The Christmas Tradition Continues (Reluctantly)
Here’s the thing about that Christmas Day tradition: I’ll keep doing it. Even though the customer service is terrible, the seats are uncomfortable, and the prices are insulting. Even though this year’s Anaconda was exactly the kind of movie that would be just as enjoyable at home (though I’ll admit I liked it better than the Jennifer Lopez original, and the callbacks were fun for us olds who remembered the 1997 version).
I’ll keep doing it because it’s one of the few family traditions we have left, and I’m not about to be the one who kills it by complaining about sticky floors and twelve-dollar sodas. Some things are worth suffering through uncomfortable seats for.
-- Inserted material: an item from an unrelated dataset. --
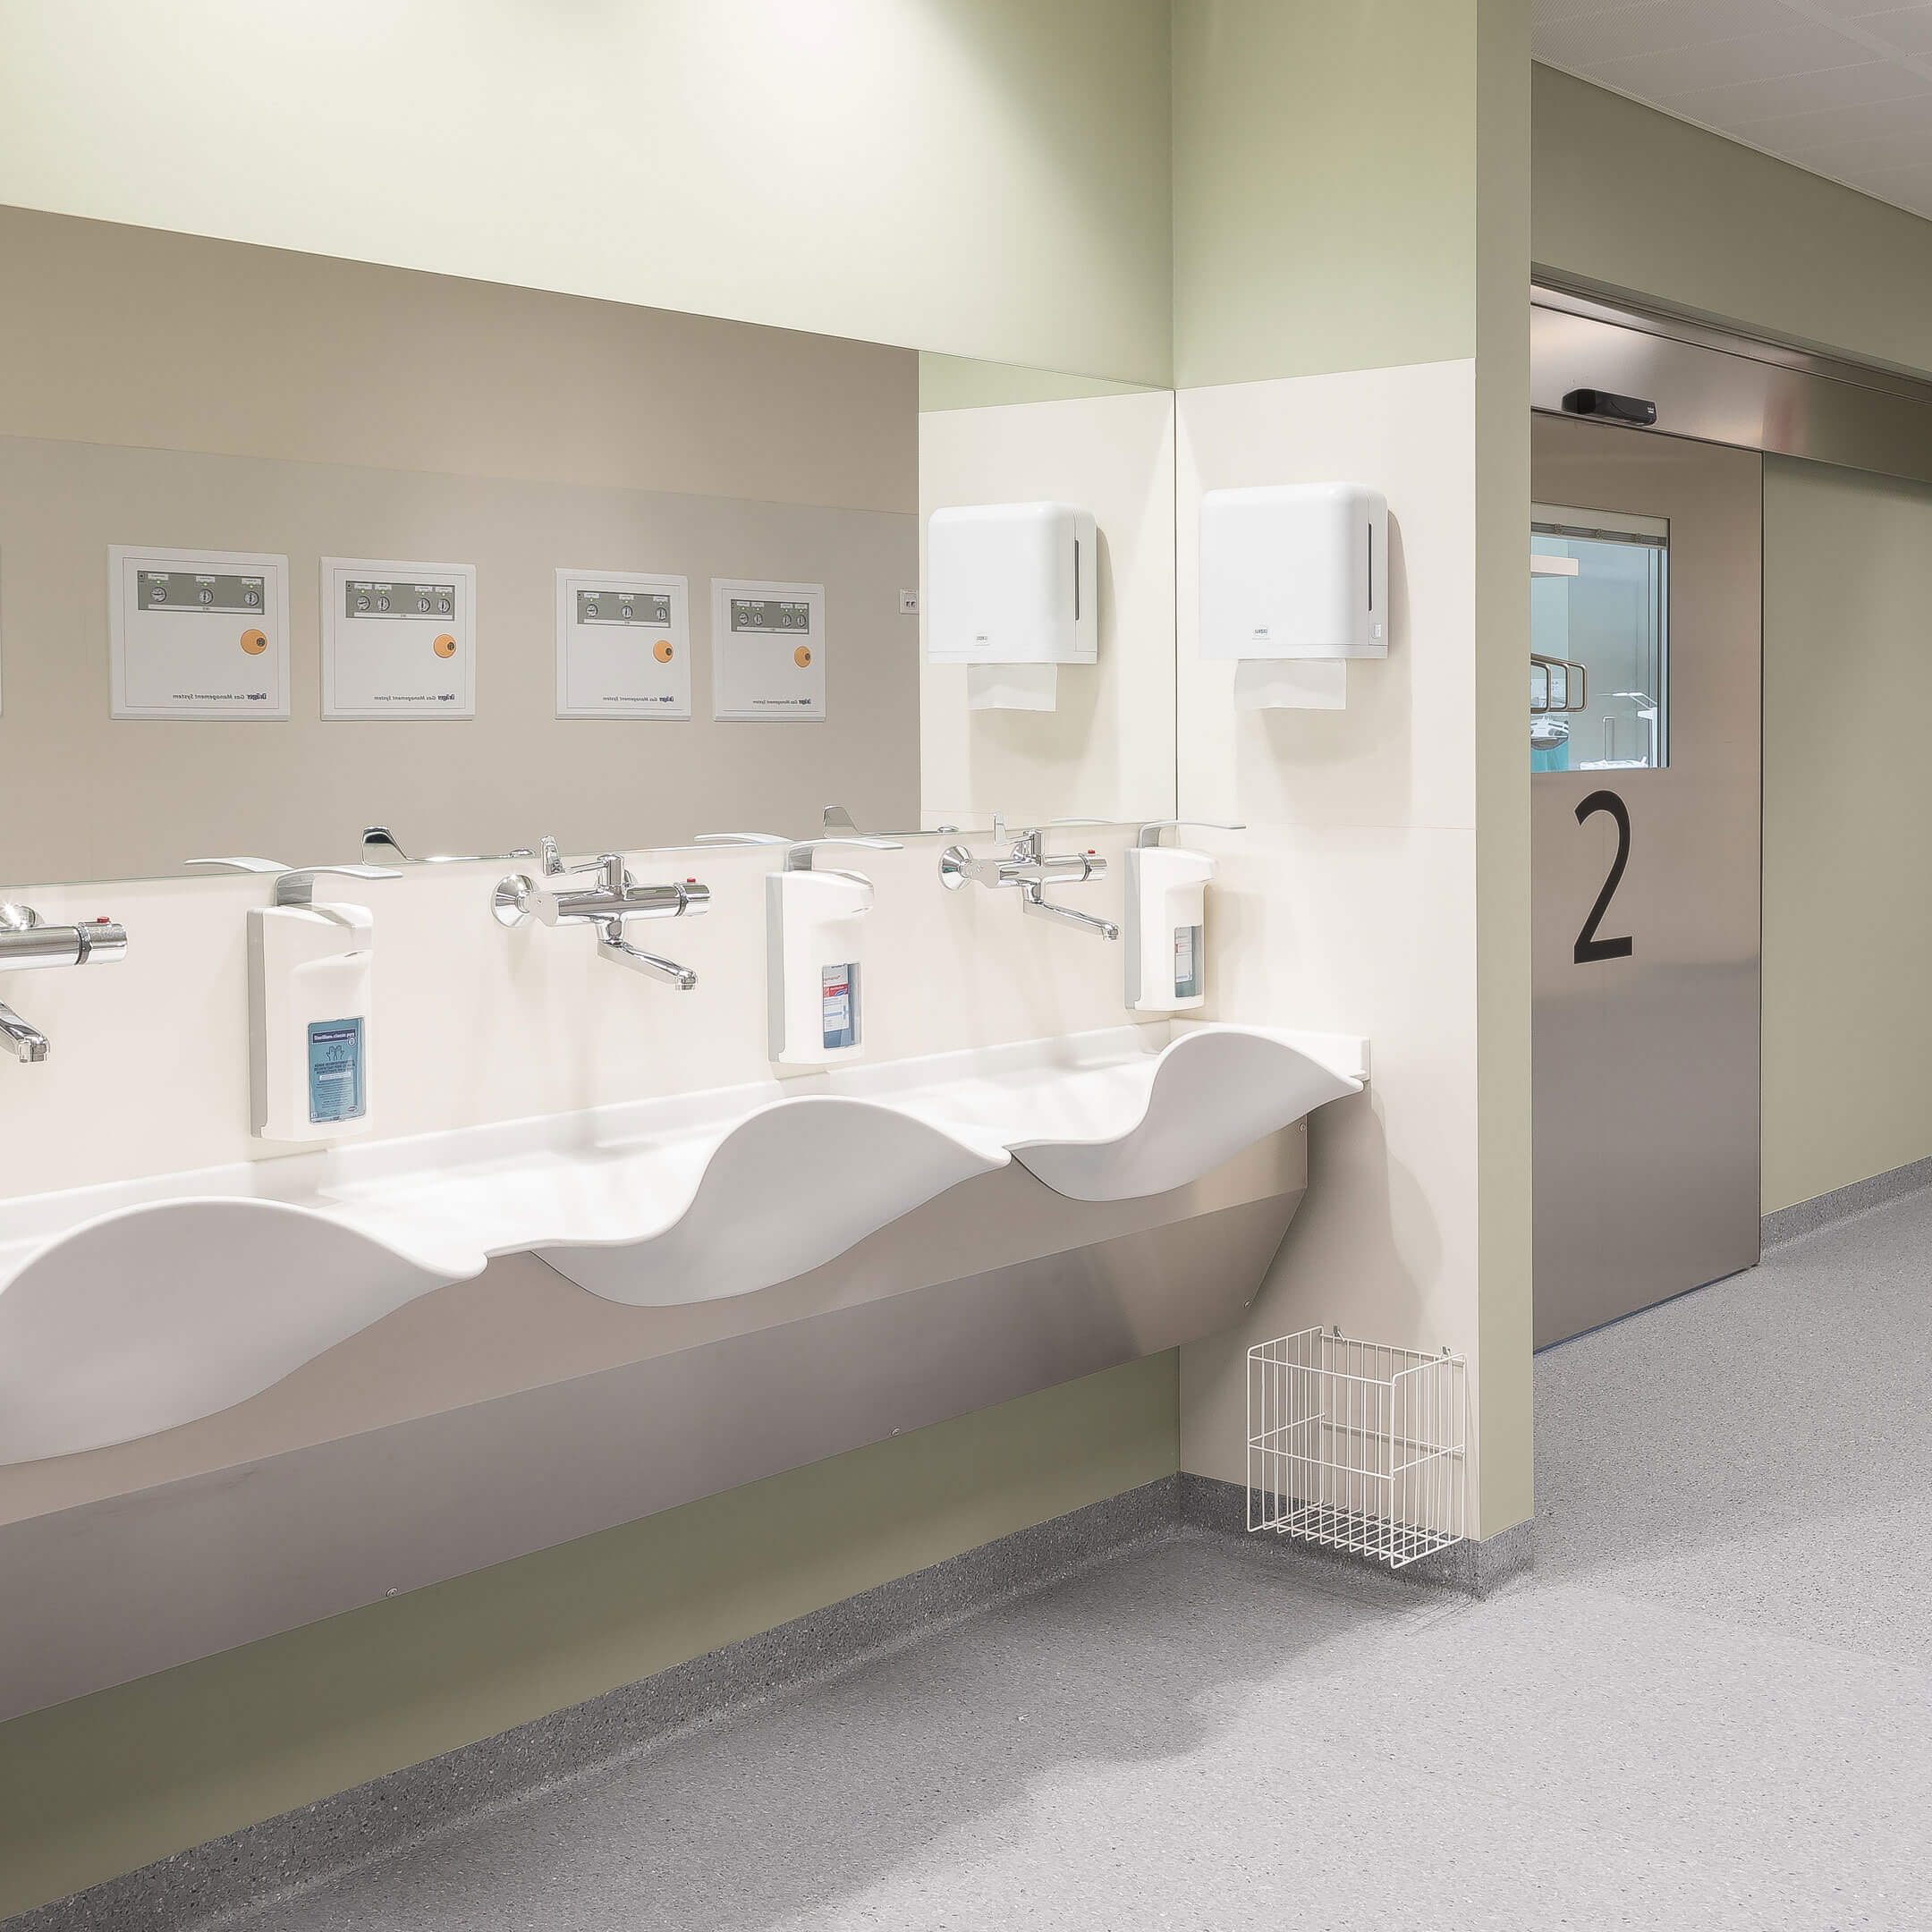 Klinika Diakonissen, novostavba operačního sálu v Linci, Rakousko

But for everything else? I’ll be at home in my recliner, eating my twelve-cent popcorn with real butter, pausing whenever I want, and not having to take out a second mortgage to afford snacks. The movies themselves are just as good on my TV, and the experience is approximately one thousand percent better.
Going to the movies used to be special. Now it’s a test of patience and a drain on my wallet. And until theaters figure out how to make the experience worth the price—or until Roanoke enters the 21st century and renovates literally anything—I’ll be that old guy who constantly talks about how much better things were back in “my day.”
Now if you’ll excuse me, I need to check what’s new on Netflix. From my recliner. With my affordable snacks. Like a rational person who’s learned from his mistakes.